Opinion
CASE NO. 2:19-CV-14420-ROSENBERG/MAYNARD
01-27-2021
ORDER ADOPTING MAGISTRATE JUDGE'S REPORT AND RECOMMENDATIONS
THIS CAUSE is before the Court upon the Motion for Summary Judgment [DE 27] filed by Plaintiffs Atlantic Healthcare, LLC, Lyric Health Care Facilities, LLC, Grantham Health Care, LLC, and Timothy F. Nicholson (collectively, "Plaintiffs"), and the Amended Motion for Summary Judgment [DE 57] filed by Defendant Argonaut Insurance Company ("Defendant"). These Motions were referred to Magistrate Judge Shaniek M. Maynard for a Report and Recommendation. DE 43. On October 15, 2020, Judge Maynard issued her Report and Recommendation [DE 73] recommending that Plaintiffs' Motion for Summary Judgment be granted and Defendant's Motion for Summary Judgment be denied. DE 73 at 27. The Court has conducted a de novo review of Judge Maynard's Report and Recommendation, Defendant's objections thereto [DE 75], Plaintiffs' response to Defendant's objections [DE 76], and the record, and is otherwise fully advised in the premises.

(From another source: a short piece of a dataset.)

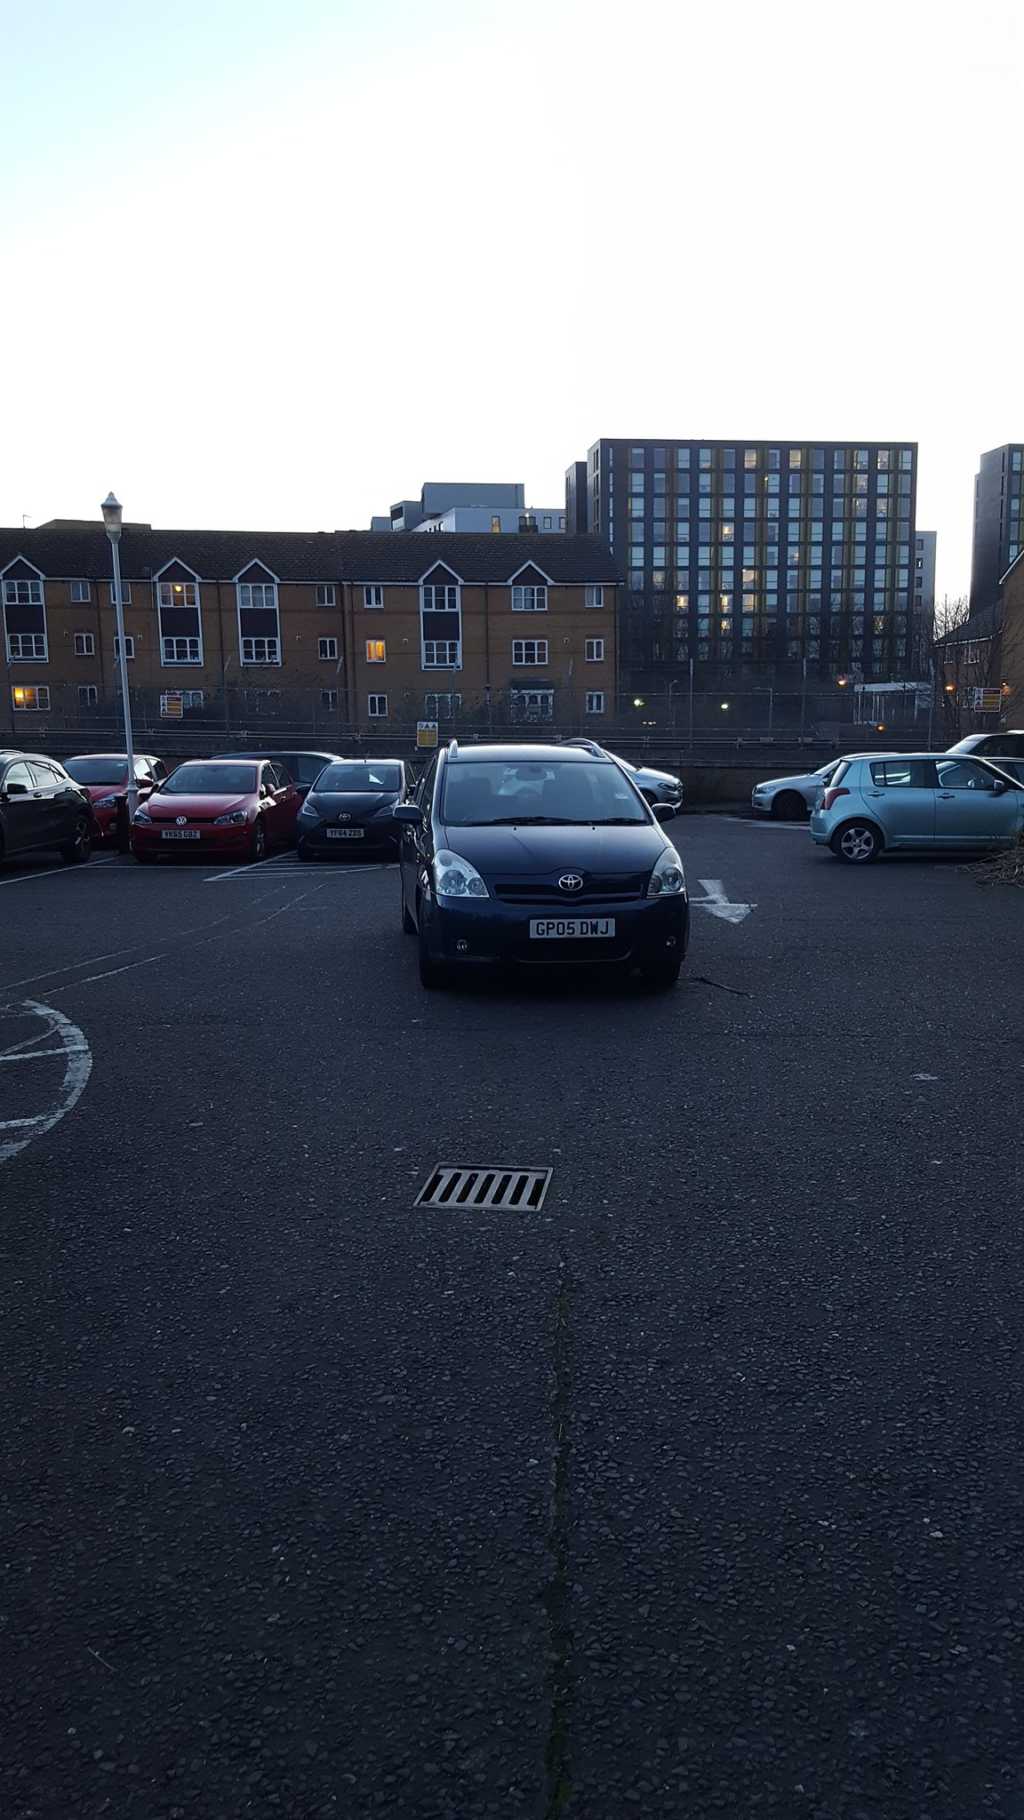 GP05 DWJ displaying Selfish Parking

Upon review, the Court finds Judge Maynard's recommendation to be well reasoned and correct. The Court agrees with the analysis in Judge Maynard's Report and Recommendation and concludes that Plaintiffs' Motion for Summary Judgment should be granted and Defendant's Motion for Summary Judgment should be denied. The Court also finds that Defendant's objections warrant discussion.
Defendant is correct that under Maryland law, a court interpreting an insurance policy does not, as a matter of course, construe the policy against the insurer. James G. Davis Contr. Corp. v. Erie Ins. Exch., 126 A.3d 753, 759 (Md. Ct. Spec. App. 2015). Rather, a policy's terms are interpreted based on the same principles that generally apply to the construction of other contracts. Kendall v. Nationwide Ins. Co., 702 A.2d 767, 770-71 (Md. 1997). "As such, a court interpreting an insurance policy is to examine the instrument as a whole, focusing on the character, purpose, and circumstances surrounding the execution of the contract." Bailer v. Erie Ins. Exch., 687 A.2d 1375, 1378 (Md. 1997). Although a court will try to give effect to every clause and phrase, "particular provisions of a contract are not to be read in isolation but rather the document is to be read as a whole to discover its true import." Simkins Indus., Inc. v. Lexington Ins. Co., 401 A.2d 181, 186 (Md. Ct. Spec. App. 1979).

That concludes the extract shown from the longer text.